In Somalia, foreign aid created massive economic distortions that prevented the people from recovering from the initial disaster. Rothbard cites ex-relief worker Michael Maren, who witnessed first hand the role of food aid in Somalia:
“The crucial point, Maren concludes, is that ‘reckless use of food aid causes famine. It depresses local market prices and provides disincentive for farmers to grow crops.’ All this makes the food shortage worse, and causes greater calls for food relief; and so the well-meaning foreign intervention grows and cumulates, fueled by agency venality, and causes the spiral of famine-aid-famine to get worse and worse. Until finally the marines land to try to solve the problem.”
Even private relief agencies, after initially contributing necessary short term humanitarian assistance to refugees and famine victims, eventually became part of the problem of unintended consequences in Somalia.
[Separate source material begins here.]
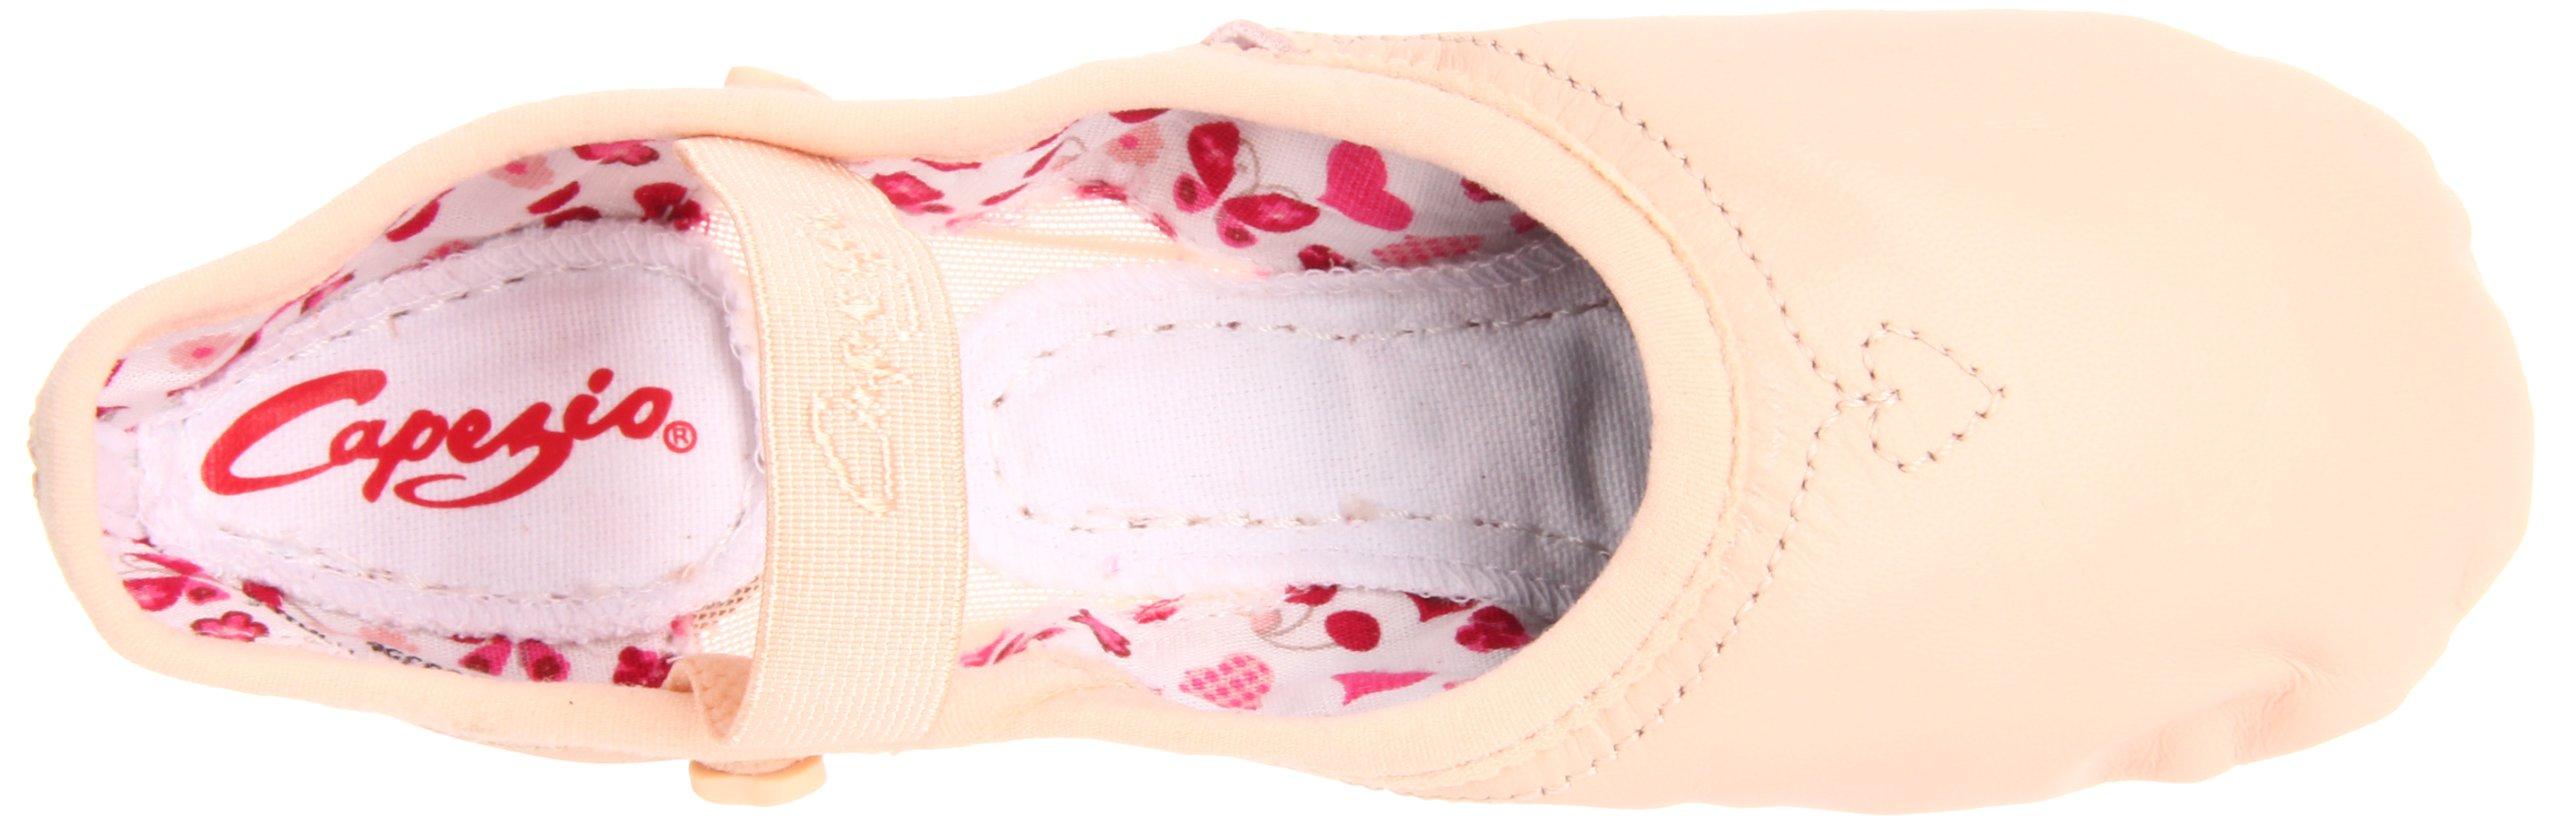 Capezio Love Ballet Flat (Toddler/Little Kid),Pink,1 M US Little Kid by Capezio (Image #7)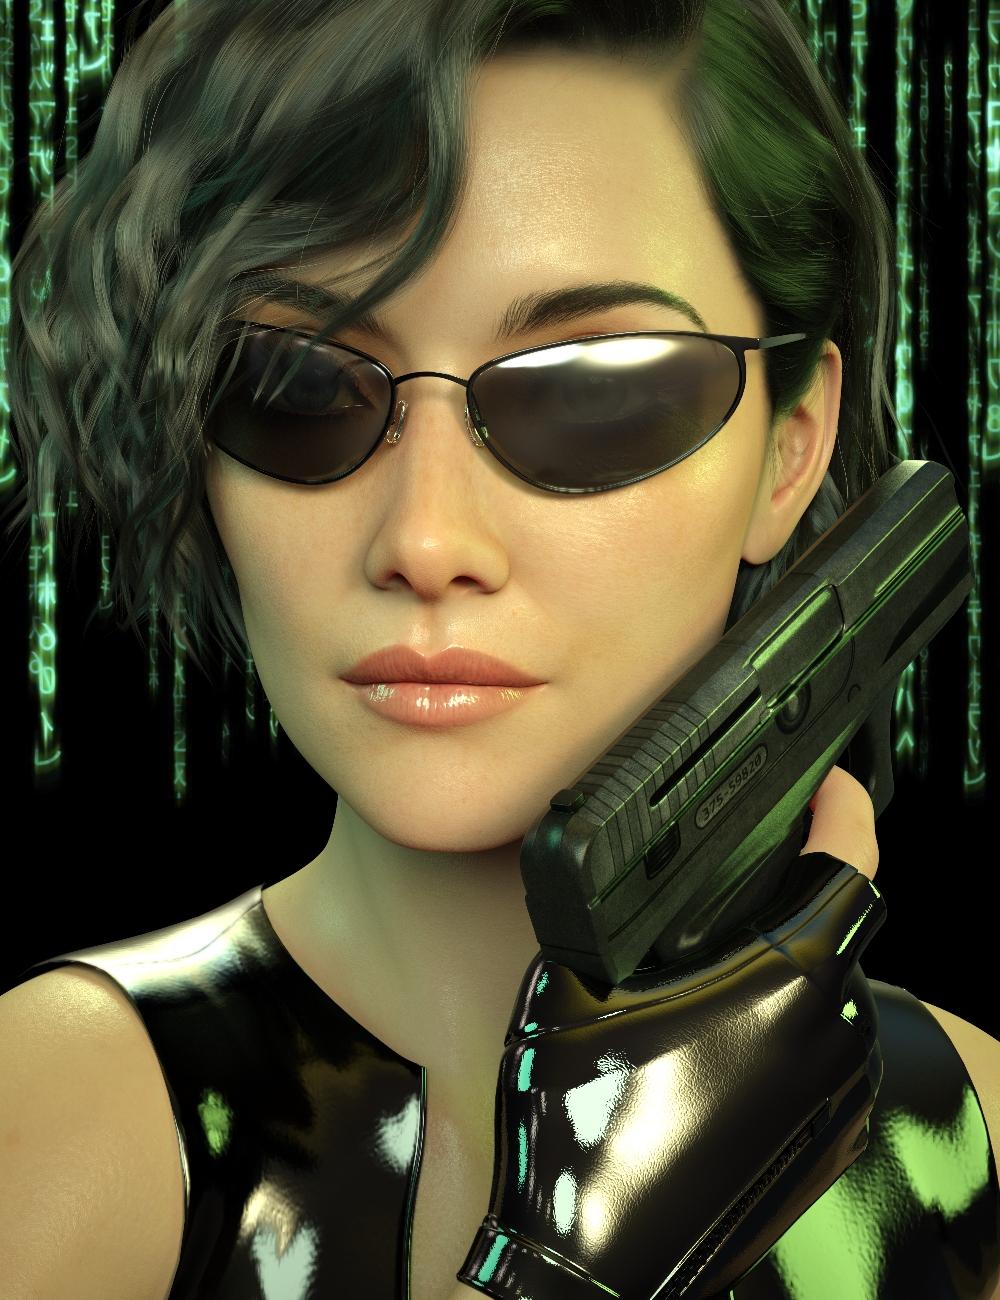 HS Storm for Genesis 8.1 Female by: Handspan Studios, 3D Models by Daz 3D

“[T]he real objective of these agencies, Maren has concluded, is to raise money. These outfits are essentially rackets. Even though sending food hasn’t really helped, what these agencies can do best is to raise money. ‘Aid,’ Maren declares, ‘is a business. It is a business in which people make careers, earn a good living, get to see interesting places, and have great stories to tell when they get stateside. It’s a business that has to earn money to pay its executives, pay for retreats and for officials to attend conferences in Rome, buy four-wheel drive vehicles, buy advertising time on television. It’s a business that makes money by attracting clients, i.e., starving, needy people.’”
Honorable humanitarian groups like Doctors Without Borders have informed donors that they already have sufficent resources to cope with the immediate needs of the Tsunami victims. Be wary of any governments (i.e., the U.S.) or relief organizations that continue to take advantage of the latest disaster.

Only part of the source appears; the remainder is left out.